**Goal of the exercise:** This exercise calls for the whole listing to be given again exactly, without images.

**Raw data:**
______
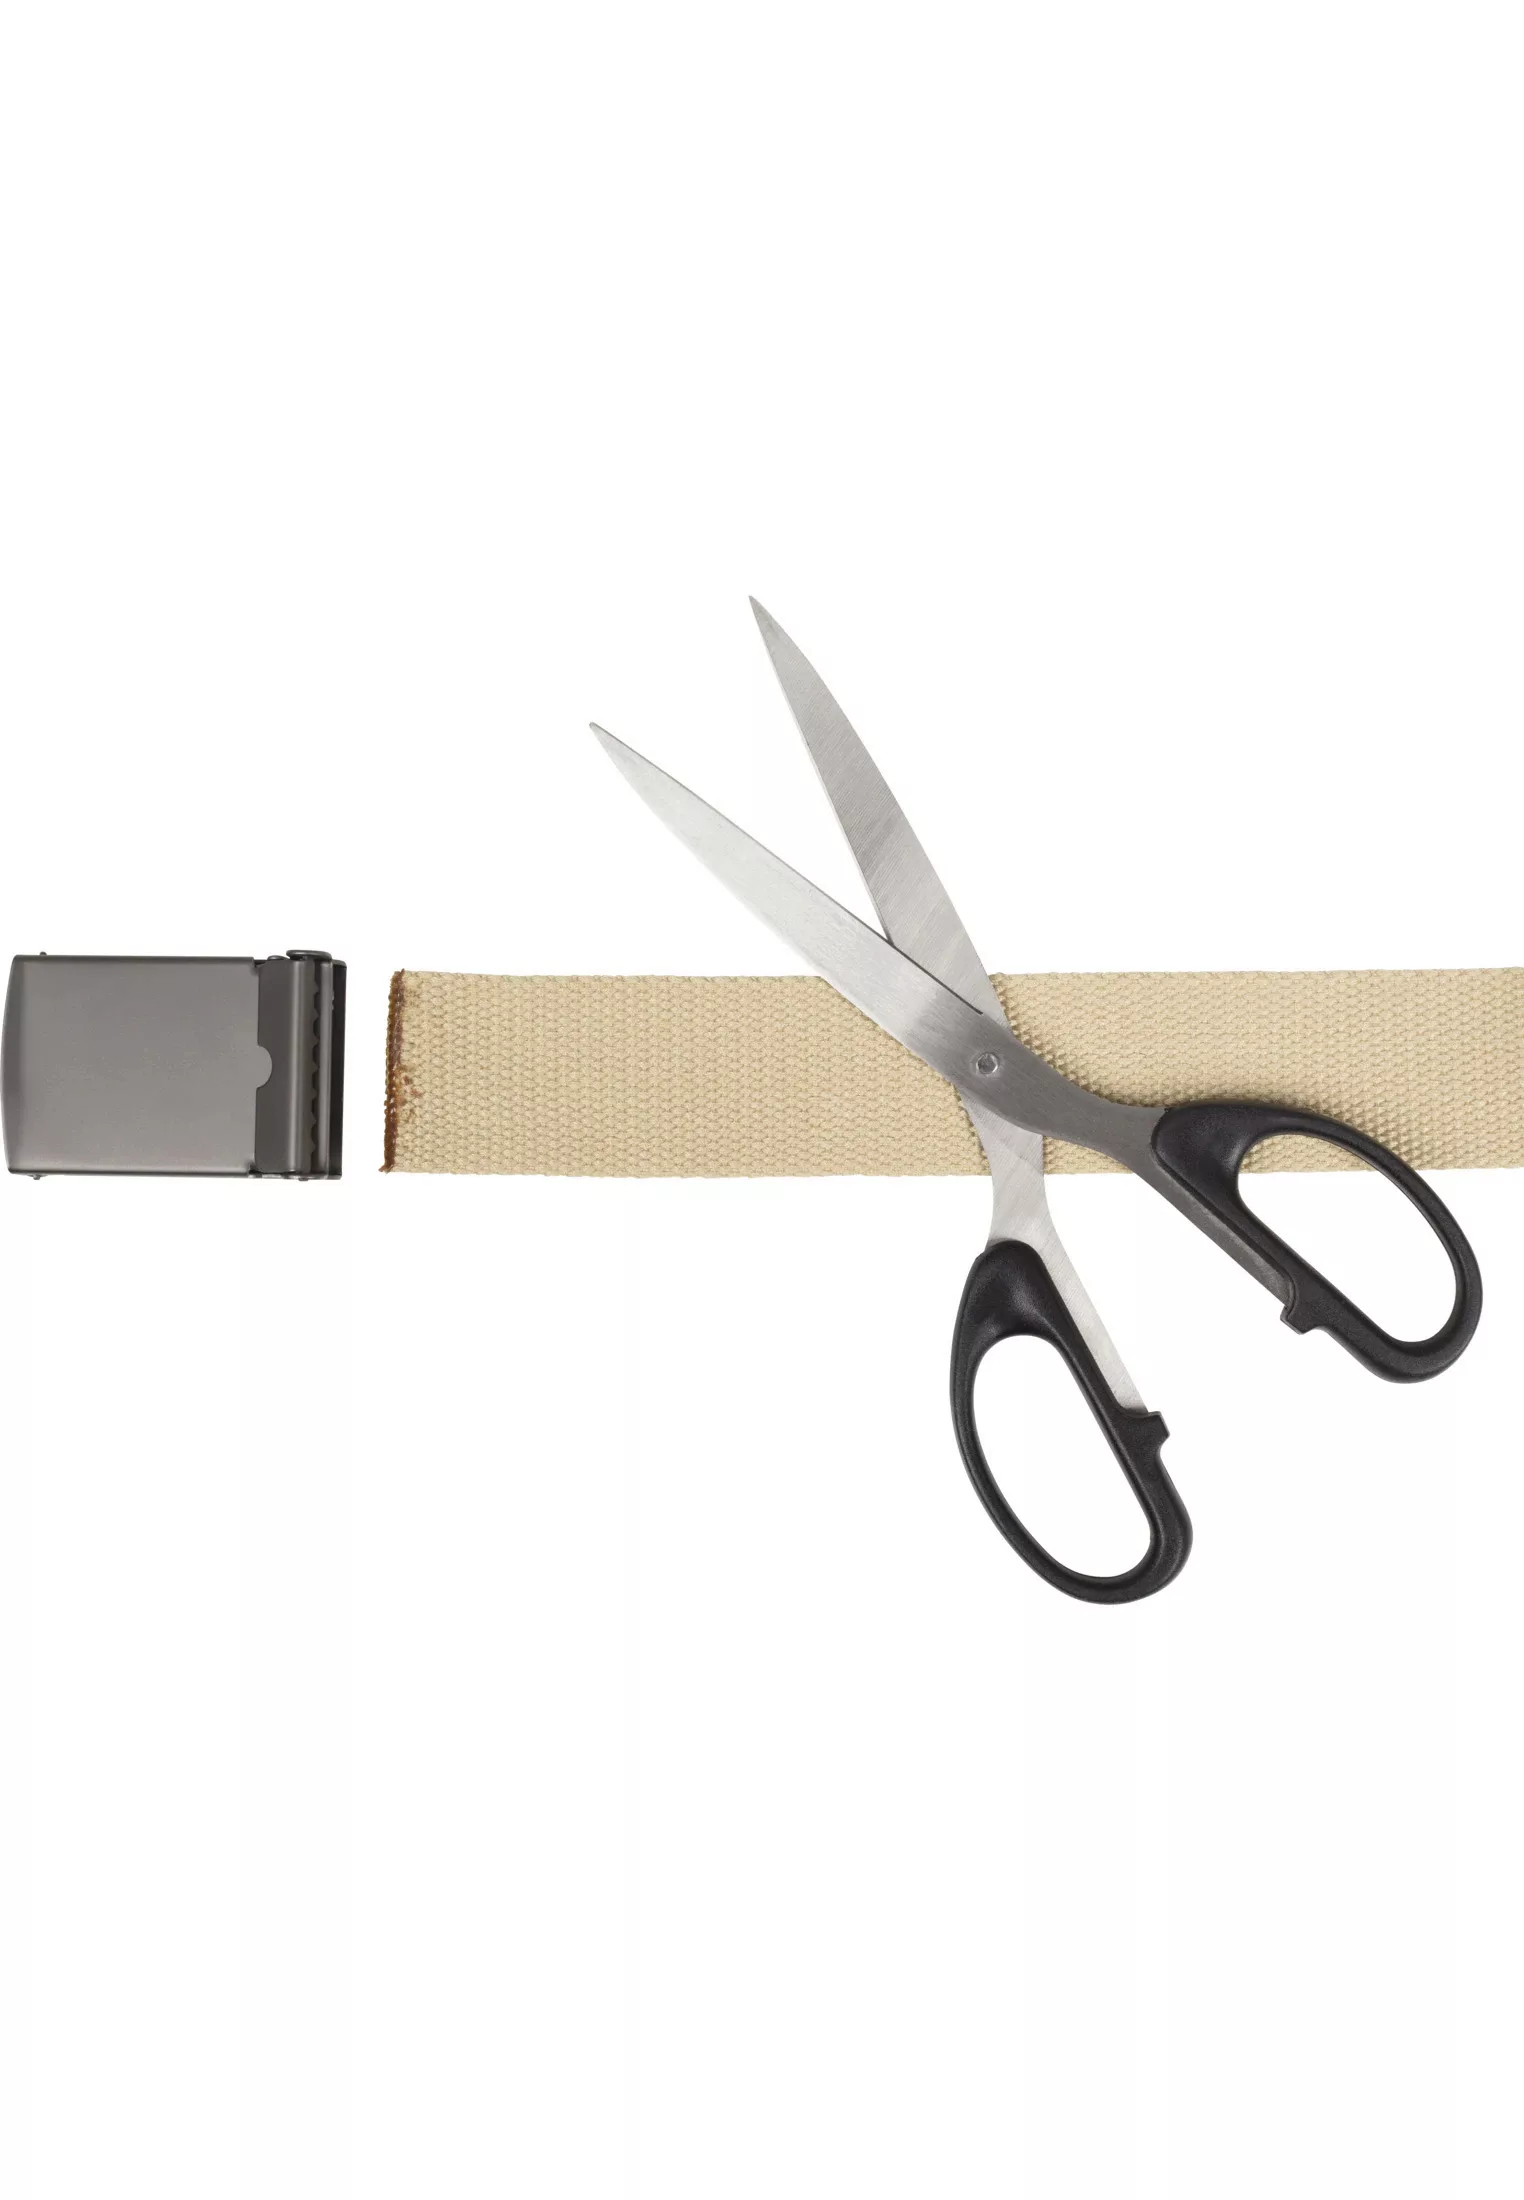 URBAN CLASSICS Hüftgürtel "Accessoires Canvas Belts" günstig online kaufen
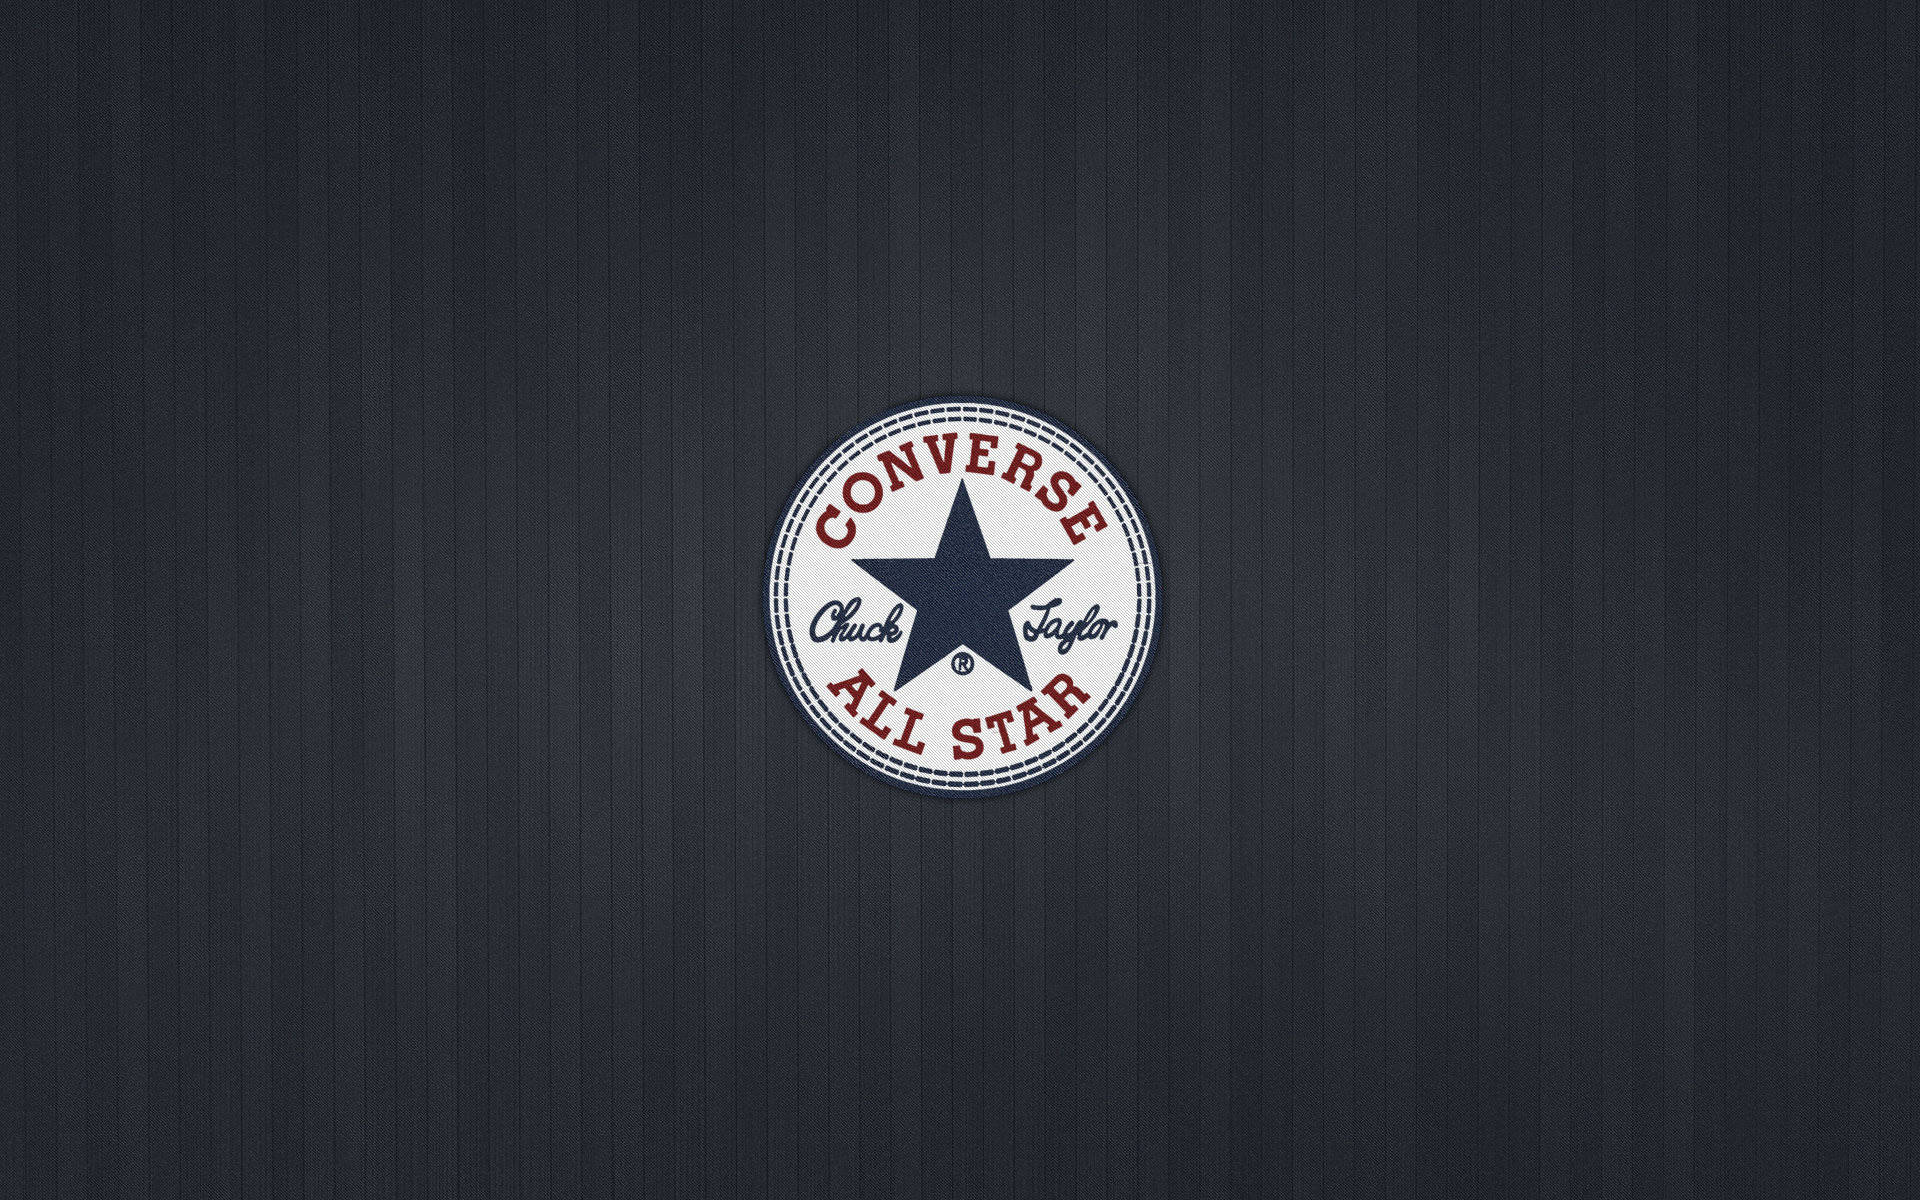 Diseñode Madera Del Logo De Converse. Fondo de pantalla
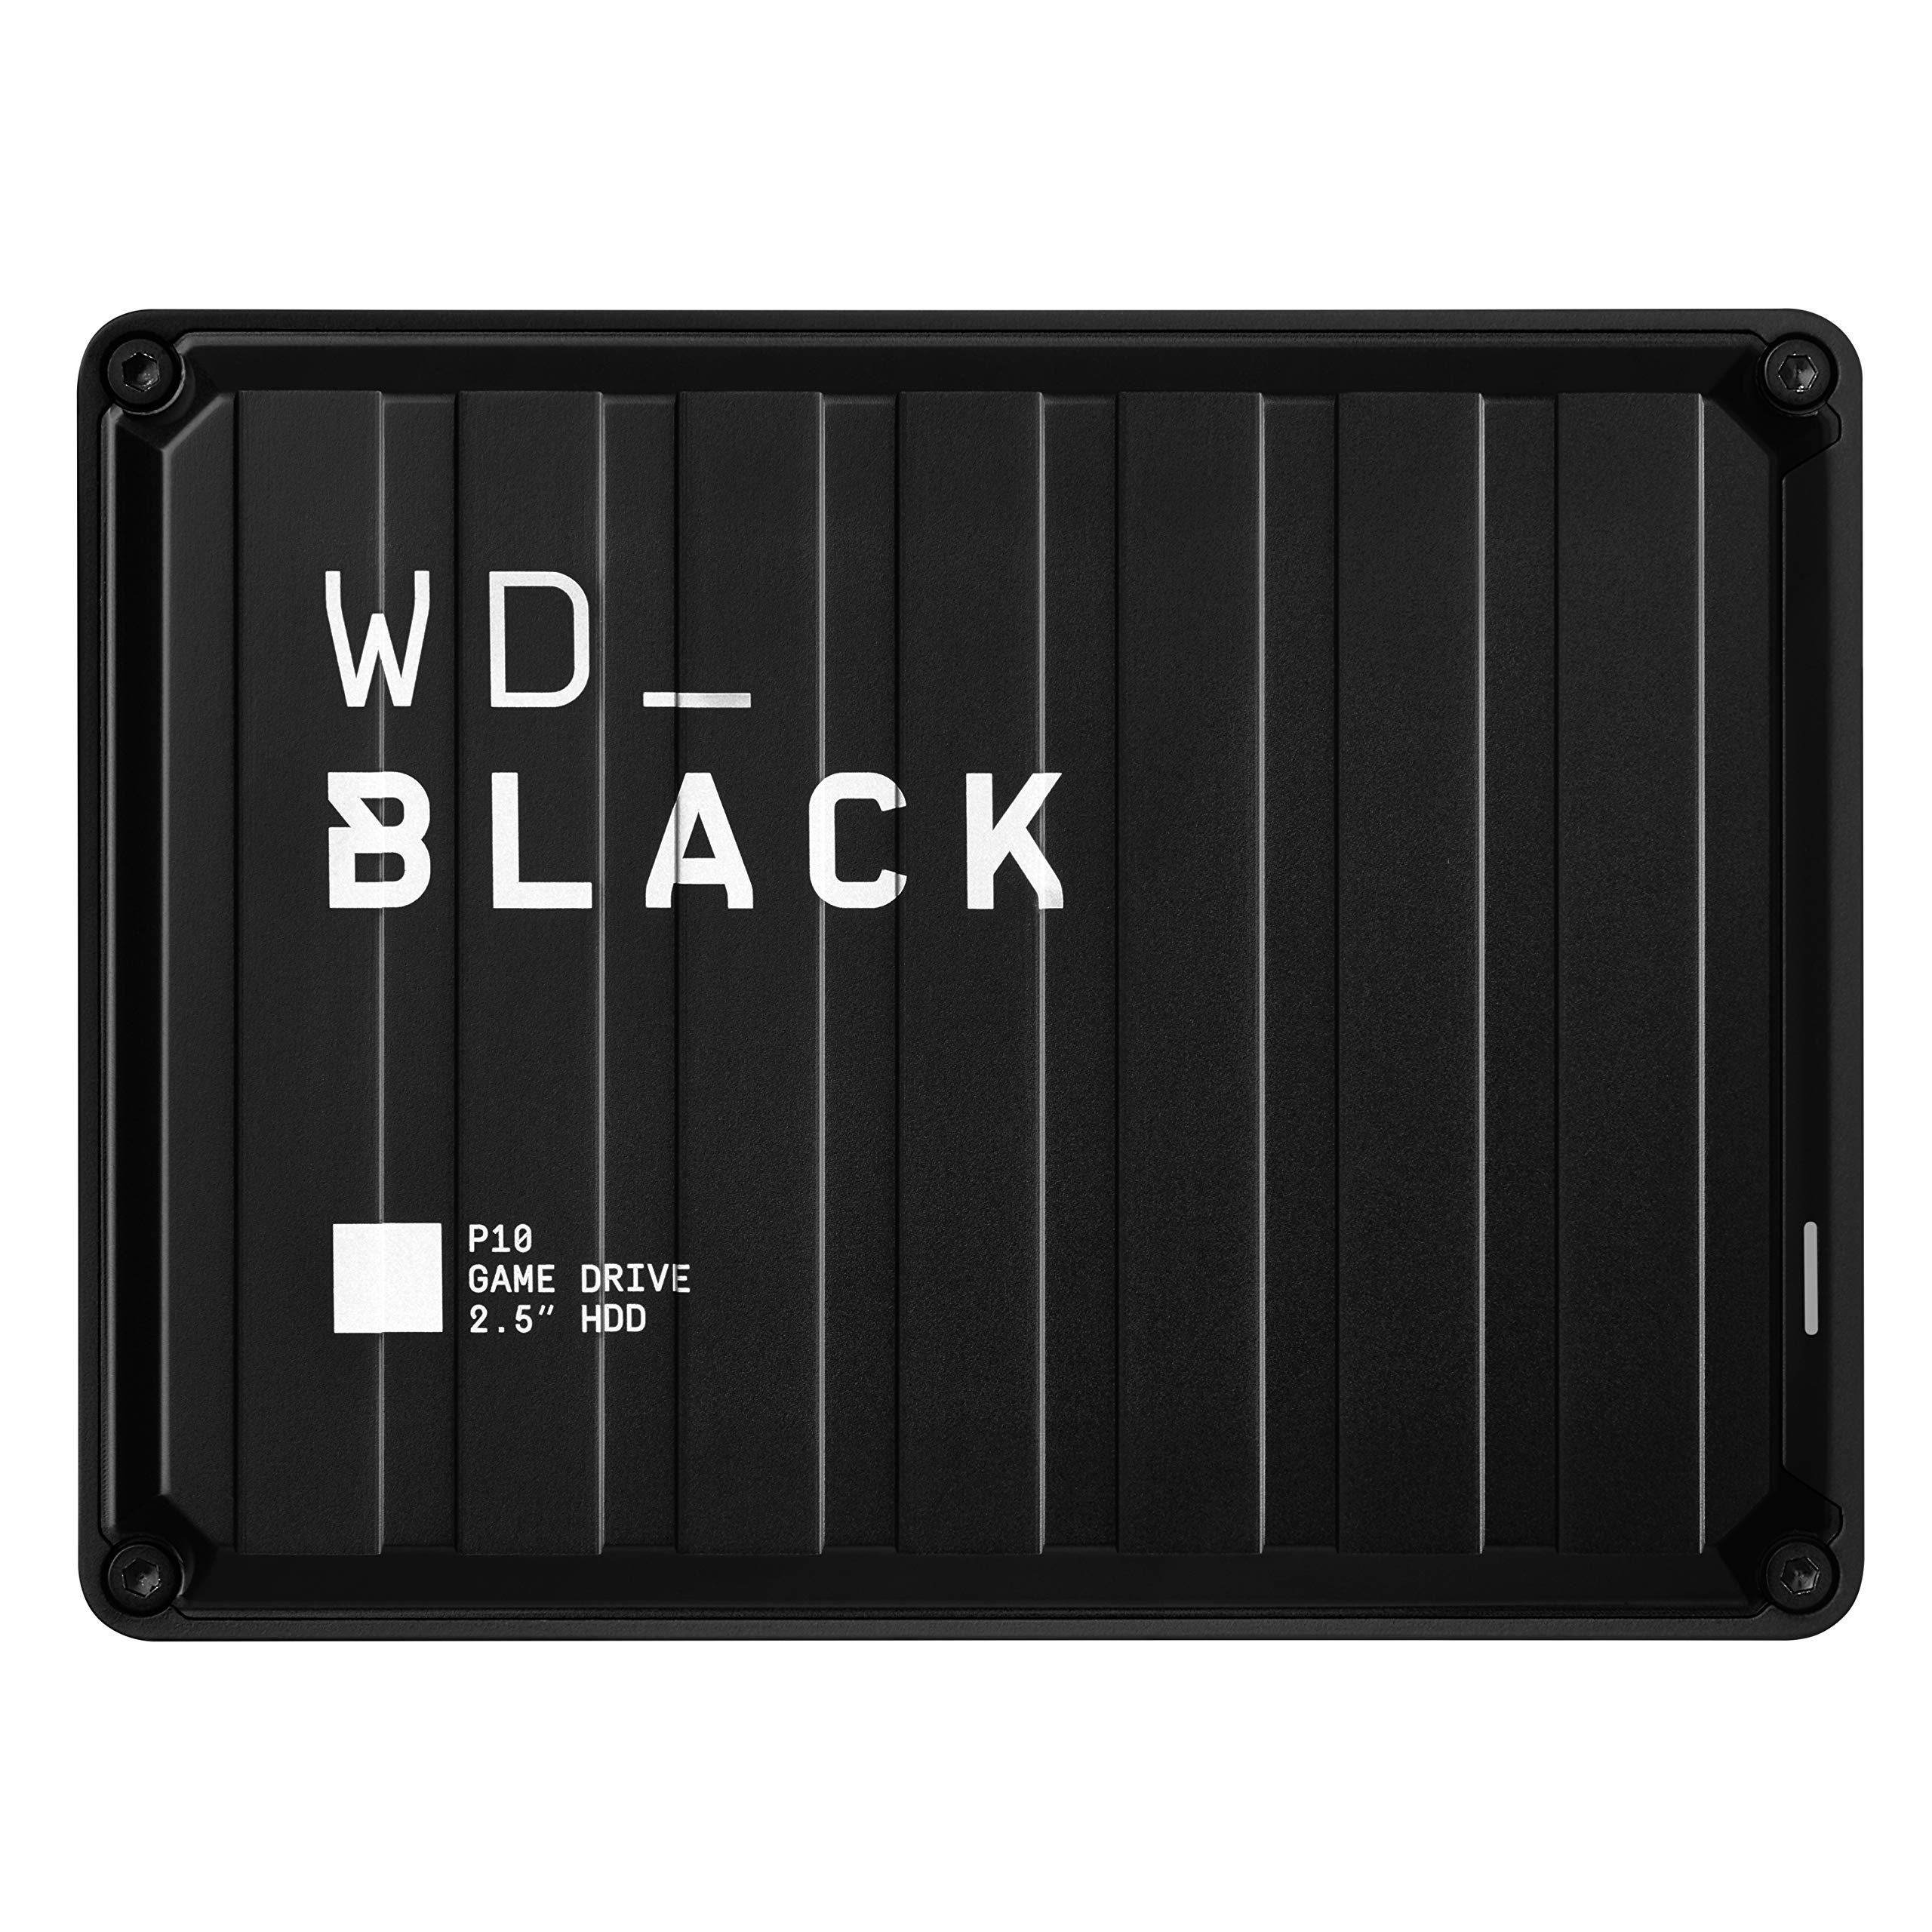 WD_BLACK 5TB P10 Game Drive - $84.99
______
**Exercise answer:**
 URBAN CLASSICS Hüftgürtel "Accessoires Canvas Belts" günstig online kaufen
 Diseñode Madera Del Logo De Converse. Fondo de pantalla
 WD_BLACK 5TB P10 Game Drive - $84.99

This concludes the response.